EidetiCom: A Cross-modal Brain-Computer Semantic Communication Paradigm for Decoding Visual Perception
Linfeng Zheng, Peilin Chen, Shiqi Wang
TL;DR
EidetiCom introduces a three-layer, mission-oriented semantic codec for brain signals that enables cross-modal decoding of visual perception under narrow bandwidth. By hierarchically compressing EEG-derived semantics into object labels (OCL), captions (ICL), and thumbnails (SCL), and using conditional decoding with higher-layer side information, it achieves ultra-low bit rates ($0.017\sim0.192$ bps) while supporting visual classification, captioning, and image generation. The approach demonstrates strong task performance across all three downstream tasks, with competitive perceptual image quality and significant compression gains, suggesting practical potential for eidetic memory storage and assistive BCIs under bandwidth and storage constraints.
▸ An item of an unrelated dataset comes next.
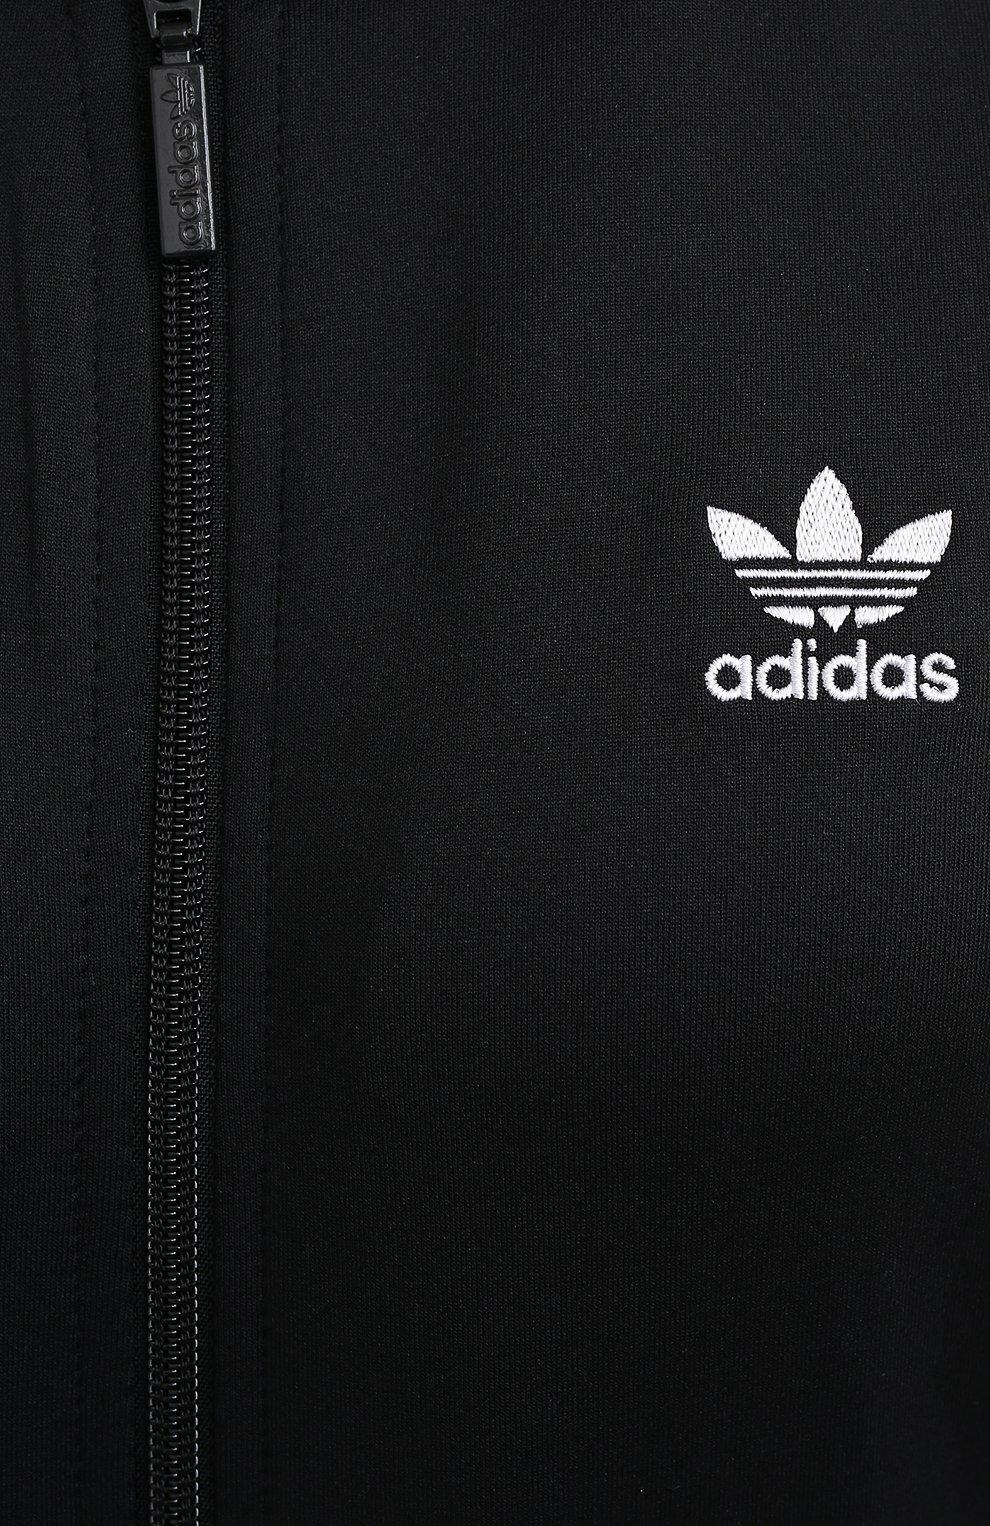 Женский толстовка ADIDAS ORIGINALS черного цвета, арт. GD2374 | Фото 5 (Рукава: Длинные; Женское Кросс-КТ: Толстовка-спорт, Кардиган-одежда; Кросс-КТ: Спорт; Материал внешний: Синтетический материал; Длина (для топов): Стандартные; Стили: Спорт-шик)

The results underscore the value of integrating semantic compression, cross-modal decoding, and generative models to enable efficient, real-time brain-computer communication.
Abstract
Brain-computer interface (BCI) facilitates direct communication between the human brain and external systems by utilizing brain signals, eliminating the need for conventional communication methods such as speaking, writing, or typing. Nevertheless, the continuous generation of brain signals in BCI frameworks poses challenges for efficient storage and real-time transmission. While considering the human brain as a semantic source, the meaningful information associated with cognitive activities often gets obscured by substantial noise present in acquired brain signals, resulting in abundant redundancy. In this paper, we propose a cross-modal brain-computer semantic communication paradigm, named EidetiCom, for decoding visual perception under limited-bandwidth constraint. The framework consists of three hierarchical layers, each responsible for compressing the semantic information of brain signals into representative features. These low-dimensional compact features are transmitted and converted into semantically meaningful representations at the receiver side, serving three distinct tasks for decoding visual perception: brain signal-based visual classification, brain-to-caption translation, and brain-to-image generation, in a scalable manner. Through extensive qualitative and quantitative experiments, we demonstrate that the proposed paradigm facilitates the semantic communication under low bit rate conditions ranging from 0.017 to 0.192 bits-per-sample, achieving high-quality semantic reconstruction and highlighting its potential for efficient storage and real-time communication of brain recordings in BCI applications, such as eidetic memory storage and assistive communication for patients.